In other words, I fixed the DNA of my primary key strategy before the system grows large.


33. Understanding the “High Bloat” Alarm

When I ran a bloat query on my database, I noticed almost every table and index was marked as HIGH BLOAT.

At first glance, that looks alarming.

But after looking closer, I realized this is mostly an illusion caused by a small dataset.

The “Empty Parking Garage” Effect

Most of my indexes were exactly 16 KB.

PostgreSQL indexes have a minimum footprint:

  • Page 1 (8 KB): Meta page (index metadata)
  • Page 2 (8 KB): First leaf page (actual key storage)

So even with just a few rows, PostgreSQL still allocates at least 2 pages.

If I only have 5 rows and they take ~100 bytes, then:

  • 100 bytes used inside an 8192-byte leaf page
  • density becomes around 1.2%

So the bloat query screams “HIGH BLOAT”, but the truth is:

the index is not bloated — it’s just empty.
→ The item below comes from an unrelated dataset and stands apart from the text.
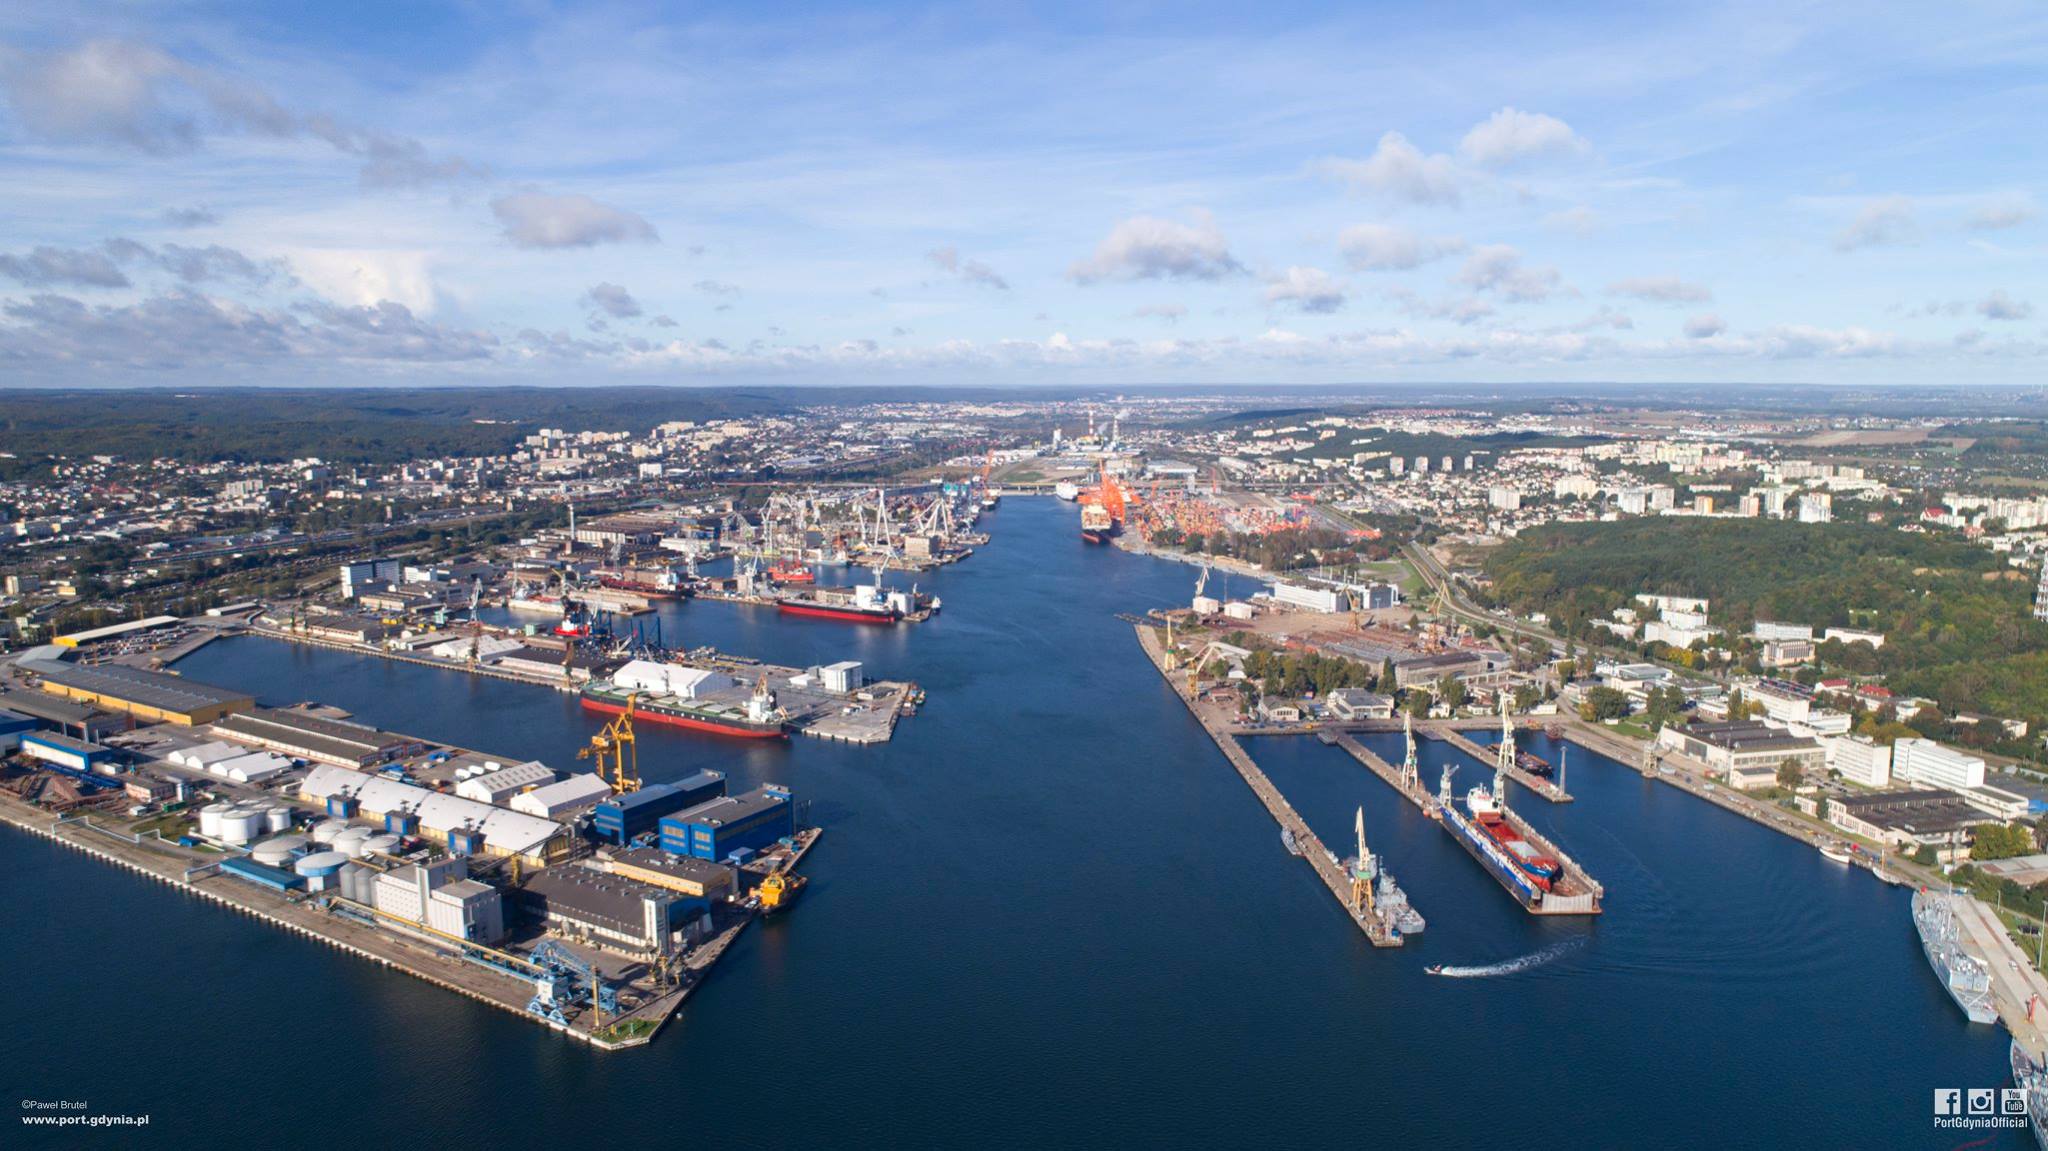 A new record to be set at the Port of Gdynia - MarinePoland.com

34. Current Index Health Report

At this point, my index situation looks like this:

Table NameIndex NameSizeDensityStatusVerdict
organisationPK_c725…16 KB~1.08%HIGH BLOATHealthy (table too small)
topictopic_id_seq16 KB~9.62%HIGH BLOATHealthy (will fill sequentially)
agentPK_…16 KBLowHIGH BLOATNeeds UUID v7 default

When Does Bloat Actually Matter?

Bloat becomes real only when index sizes become significant:

  • 16 KB index with 1% density: not a problem
  • 500 MB index with 1% density: massive waste of RAM and disk I/O

That’s the moment where running REINDEX becomes necessary.


35. The “Search Vector” Performance Check

One thing I wanted to confirm was whether my search_vector column is already inflating the topic table.

Interestingly, even after updating search_vector, the topic table is still around 16 KB.

That’s a good sign:

  • my search_vector content is still small
  • the table hasn’t expanded into multiple pages yet
  • autovacuum hasn’t needed to reshuffle lots of tuples

Verification Query

1
2
3
4
5
6
7
SELECT 
    relname AS table_name, 
    pg_size_pretty(pg_total_relation_size(relid)) AS total_size,
    pg_size_pretty(pg_table_size(relid)) AS data_size,
    pg_size_pretty(pg_indexes_size(relid)) AS index_size
FROM pg_stat_user_tables 
WHERE relname = 'topic';

This helps me verify whether the full-text column is growing the table itself or mostly affecting index storage.

That is it for the blog. Thanks for reading till here.